Directions for this task: A word-for-word copy of the data, pictures excluded, is what this task asks for.

Information provided:
|---|
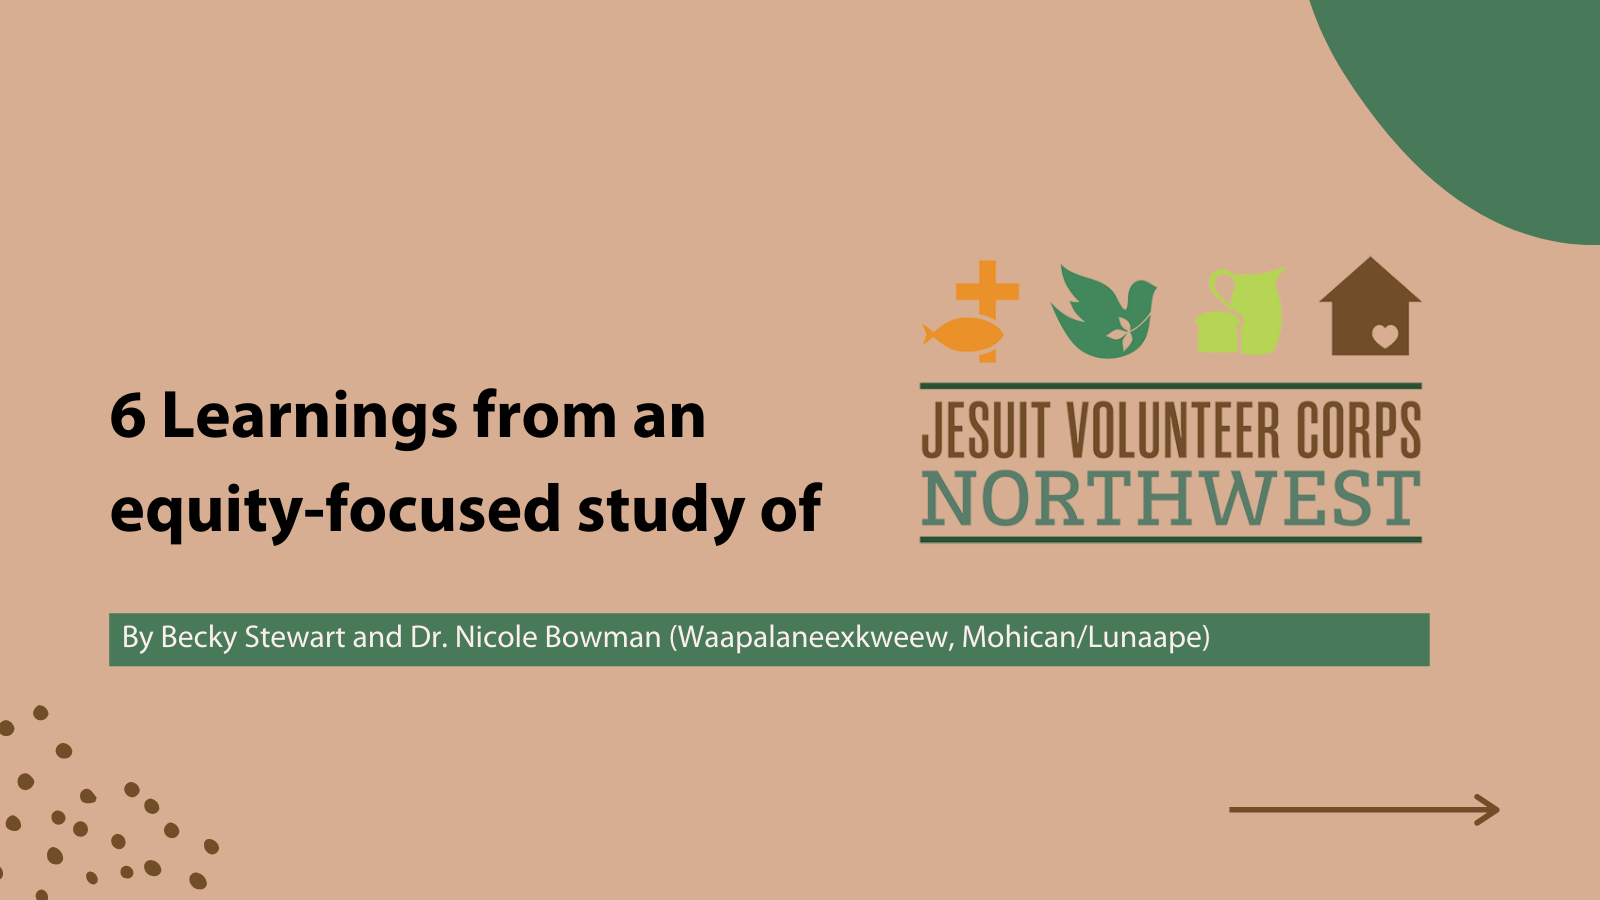 A graphic image that says "6 Learnings from an equity-focused study of Jesuit Volunteer Corps Northwest"
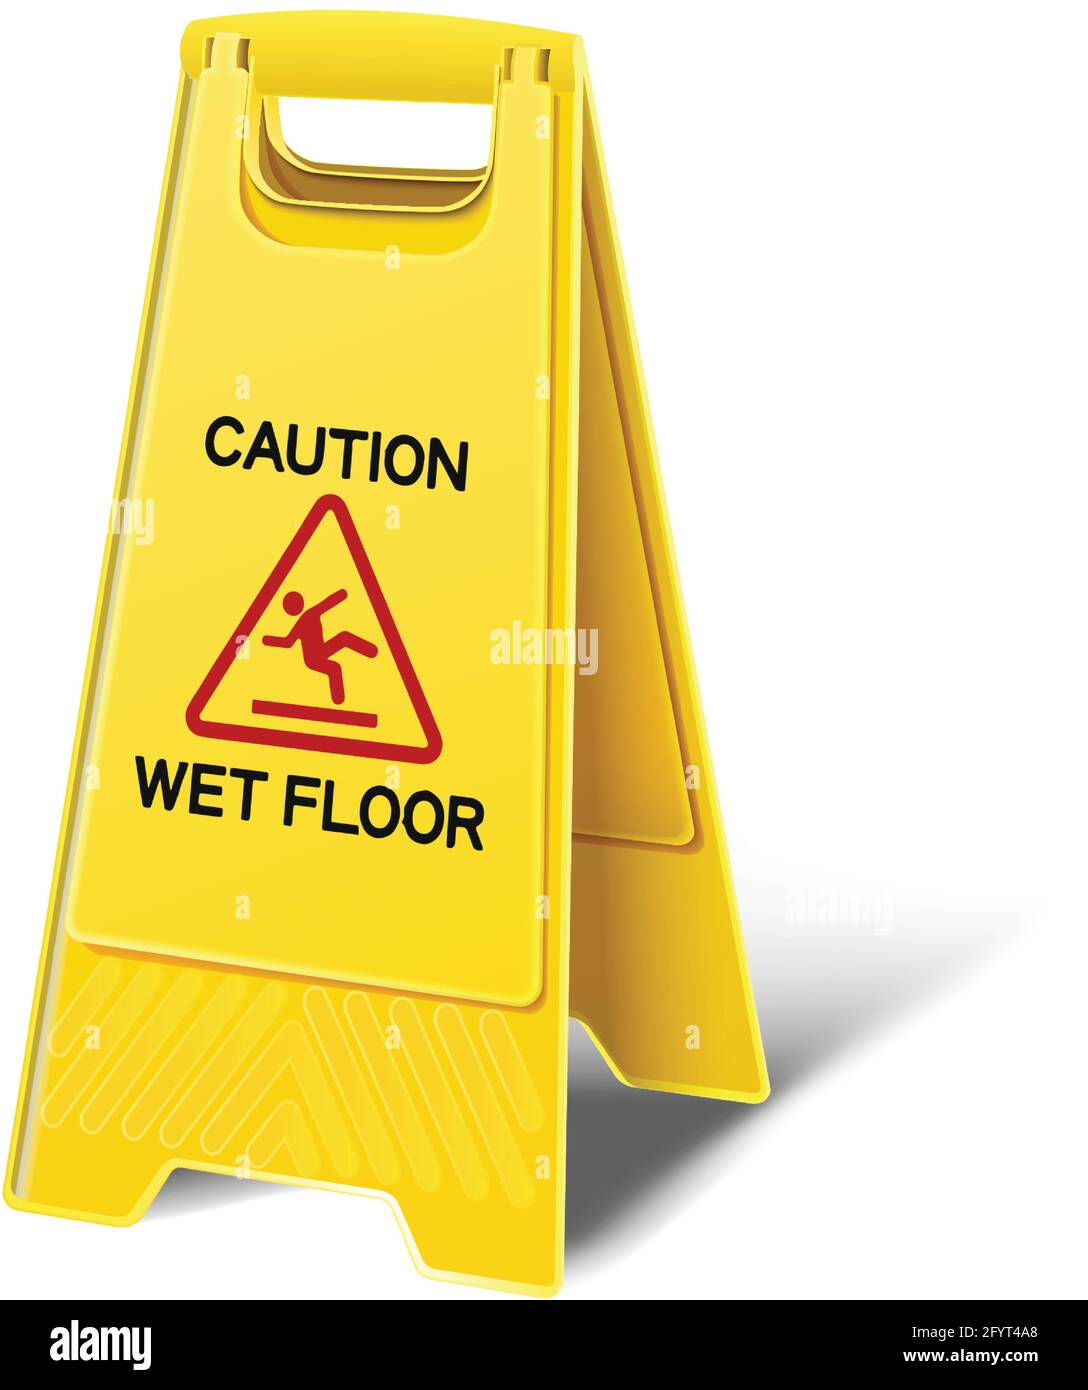 3d realistic vector caution wet floor yellow plastic floor sign. Isolated icon illustration on white background. Stock Vector
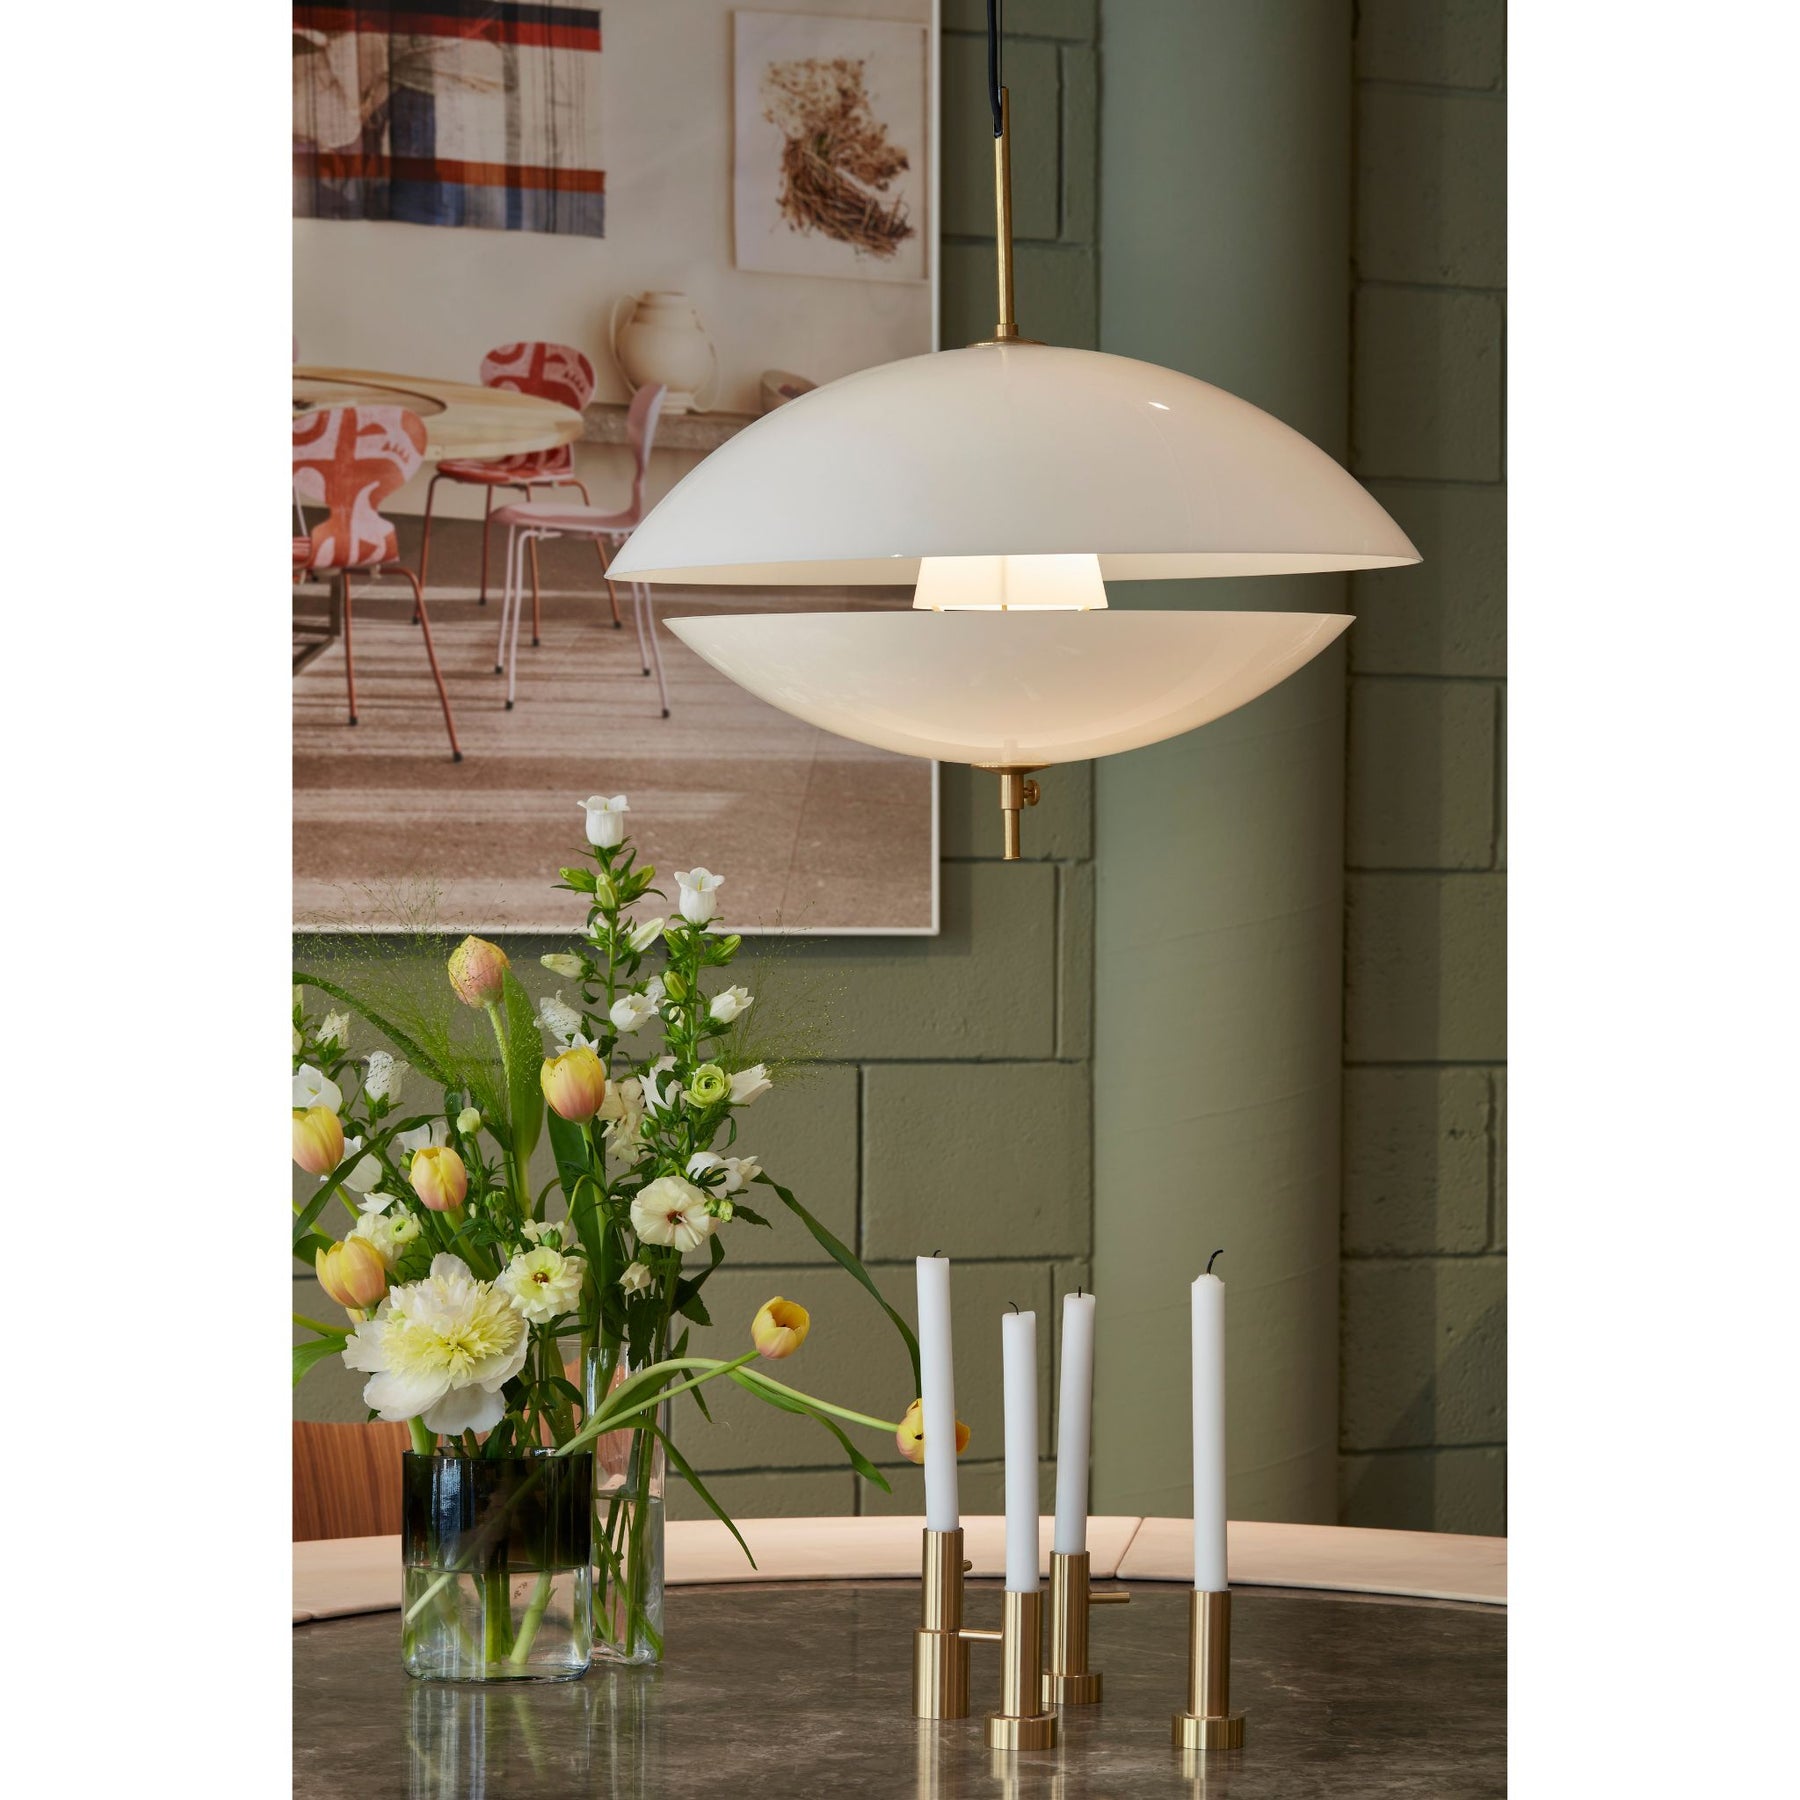 Fritz Hansen Clam Pendant Partially Open over Marble Table with Flowers and Candles
|---|
Answer to the exercise:
 A graphic image that says "6 Learnings from an equity-focused study of Jesuit Volunteer Corps Northwest"
 3d realistic vector caution wet floor yellow plastic floor sign. Isolated icon illustration on white background. Stock Vector
 Fritz Hansen Clam Pendant Partially Open over Marble Table with Flowers and Candles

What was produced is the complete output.